Sin embargo, al evocar lo hecho en los últimos años, hay un hilo conductor en lo actuado por el ministro, que da aliento, habla de una transformación lenta, pero, por eso, con perspectivas de éxito.
A través del plan decenal iniciado en 2006, se han planteado objetivos concretos que apuntan a hacer una evaluación de alumnos y profesores, crear nuevas partidas docentes, jubilar a las personas mayores que no estén ya en condiciones de asimilar los cambios, modificar el currículo para bachilleres, aumentar el número de estudiantes que cumplan el colegio, actualmente no más de 12%, al 75%. También se quiere certificar a los establecimientos y lograr que algunos lleguen al bachillerato internacional, siendo públicos.

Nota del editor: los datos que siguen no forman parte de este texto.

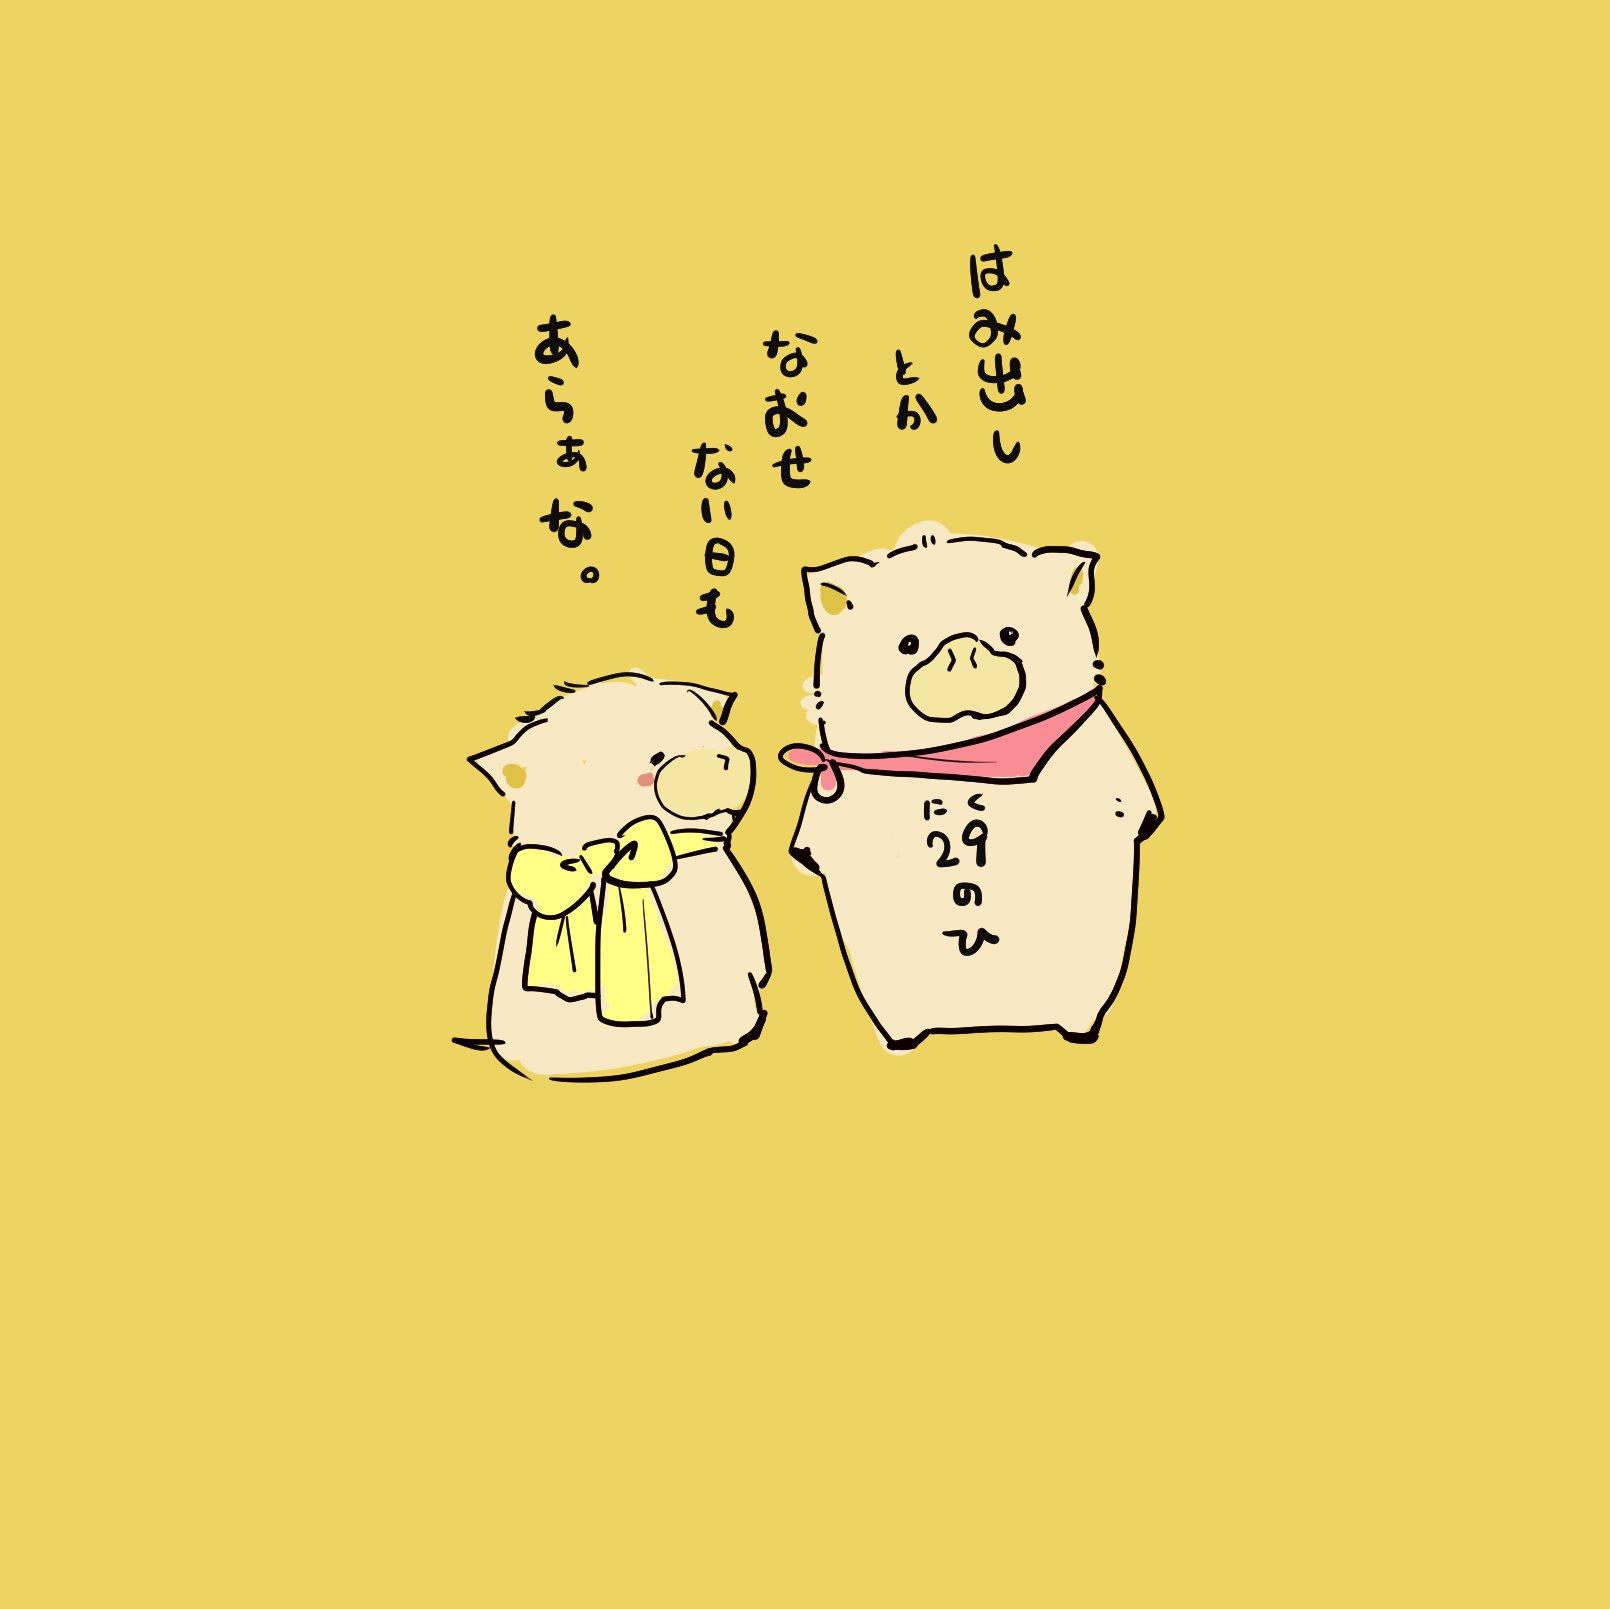 "<span class=""title"">#ニクの日</span>"

Se ha invertido en la infraestructura, aunque todavía es impresionante ver los destrozos que son capaces de hacer y tolerar los responsables de las escuelas, sobre todo en la Costa, en donde cada año, en el último minuto antes del inicio de clases, se muestran imágenes de edificios prácticamente irrecuperables. ¿Por qué no cuidan las instalaciones durante el año y gestionan las composturas a tiempo?

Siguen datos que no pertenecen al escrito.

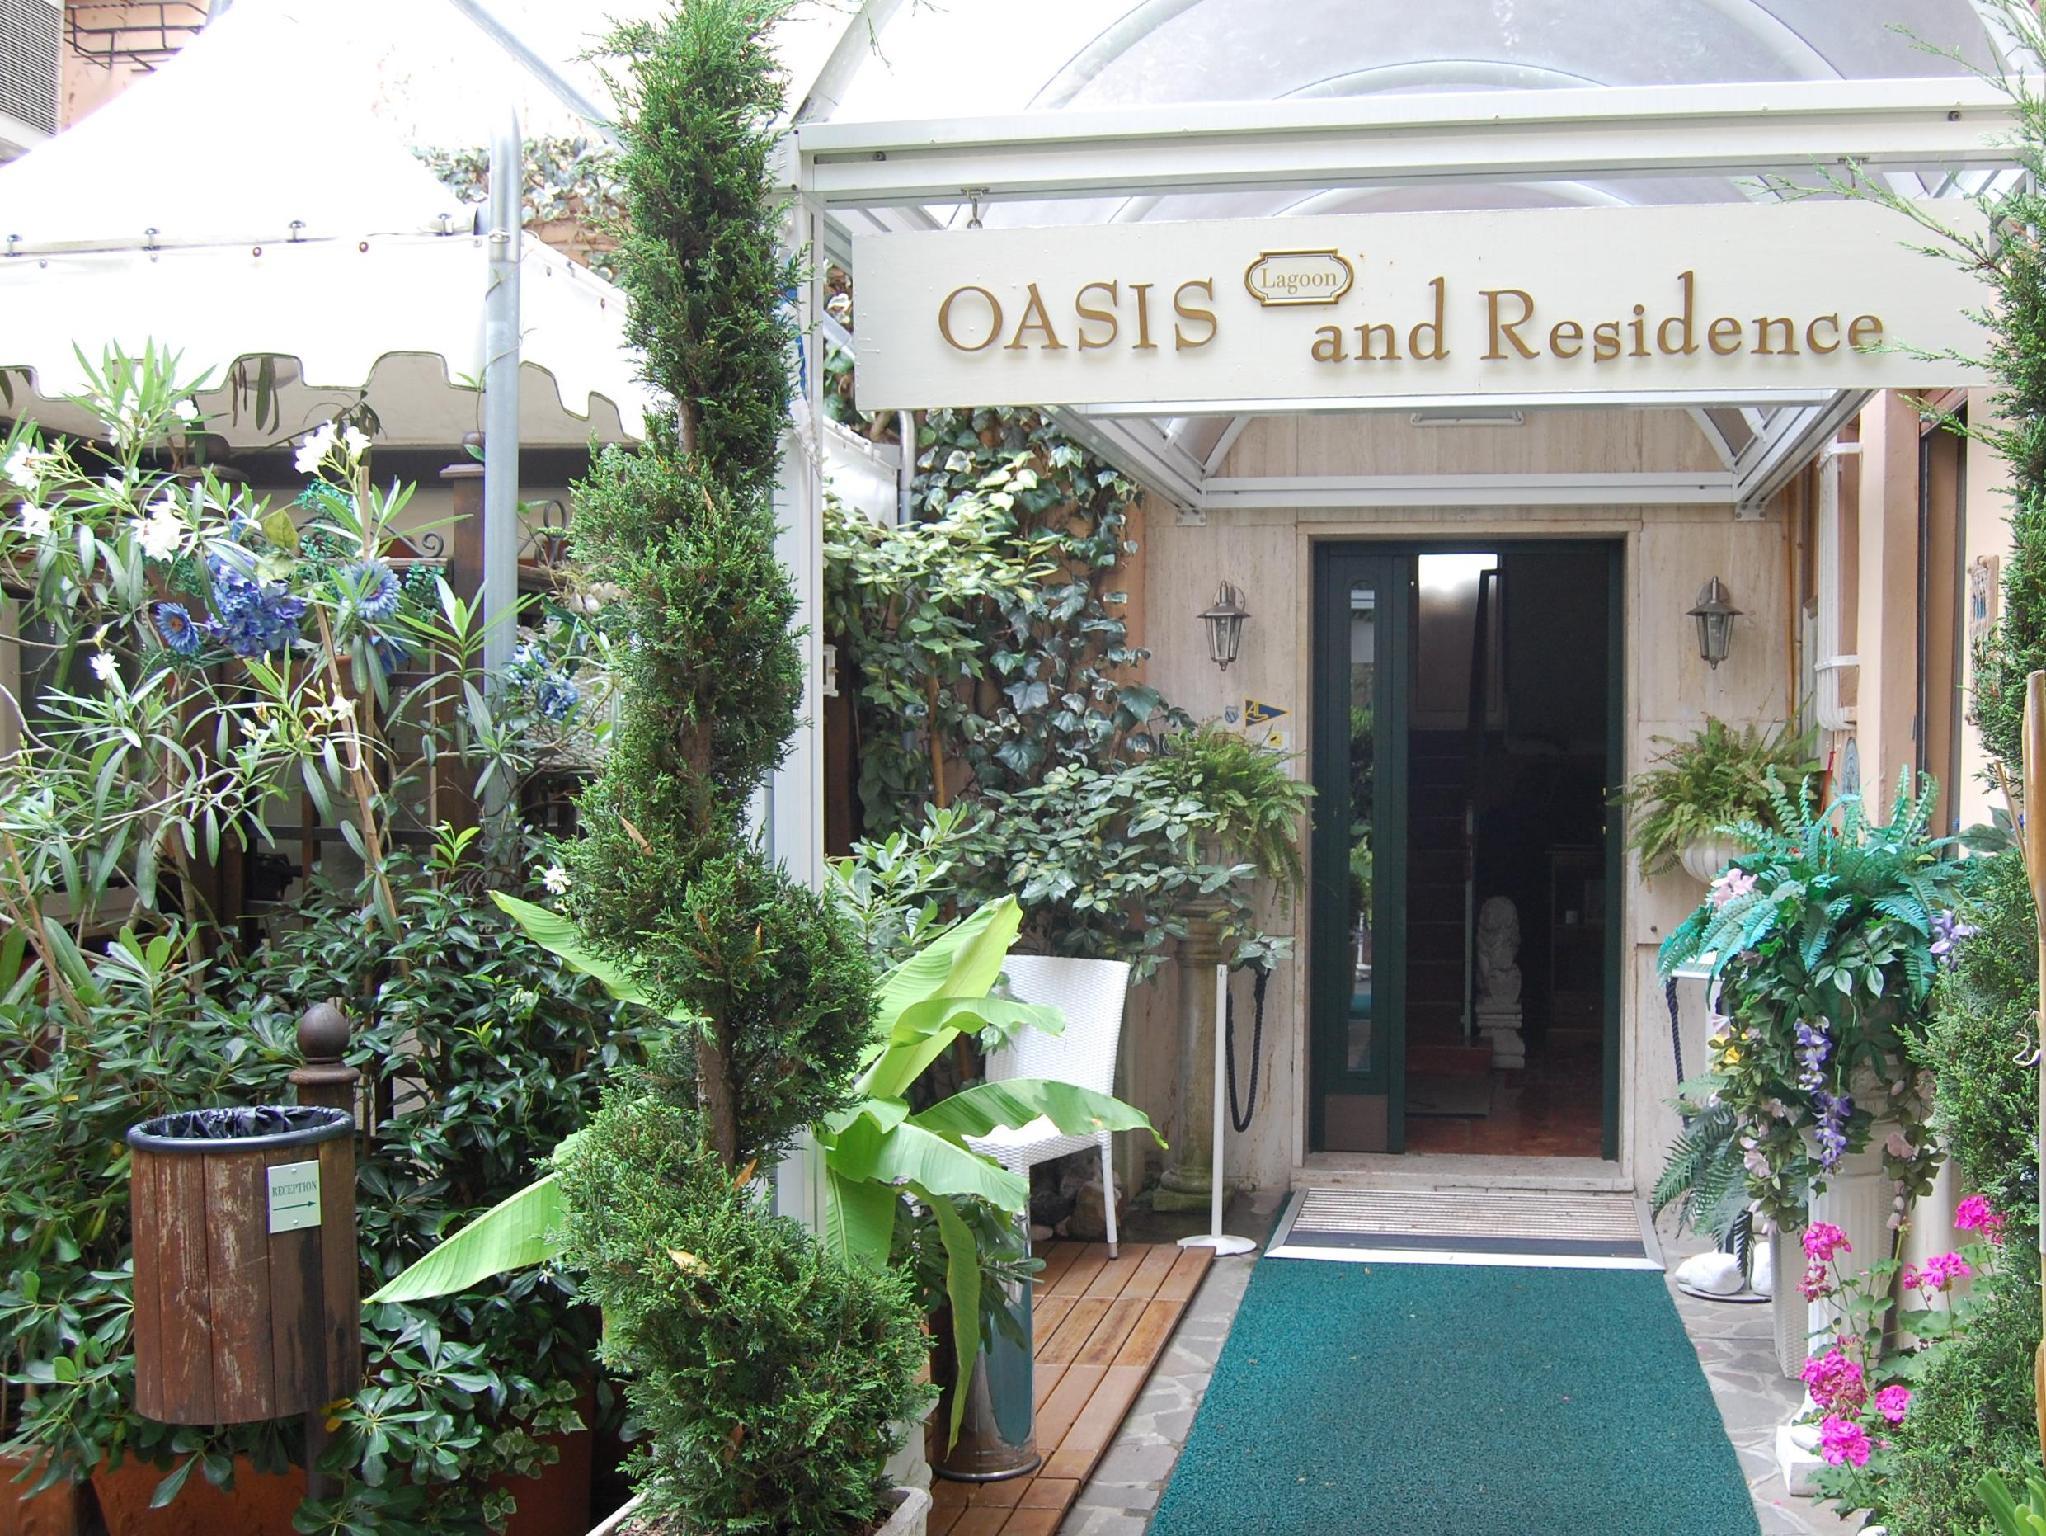 Oasis Lagoon And Residence

También se han realizado esfuerzos por abolir las contribuciones de los padres de familia, aunque todavía financiarían miles de partidas. Se han distribuido textos y uniformes. El que ha observado a madres de familia luchando por enviar a los niños a la escuela, sin dinero para vestidos ni útiles, sabe que estos no son gestos populistas.
Pronto se editarán nuevos textos para los colegios y se pretende capacitar a los profesores en su uso. Es debatible el contenido de las reformas curriculares. ¿Hasta qué punto pretenden fomentar un espíritu independiente y crítico entre los alumnos? ¿ Quieren hacer de los chicos instrumentos bien adaptados a las necesidades del mercado? ¿Habrá adoctrinamiento ideológico como se teme?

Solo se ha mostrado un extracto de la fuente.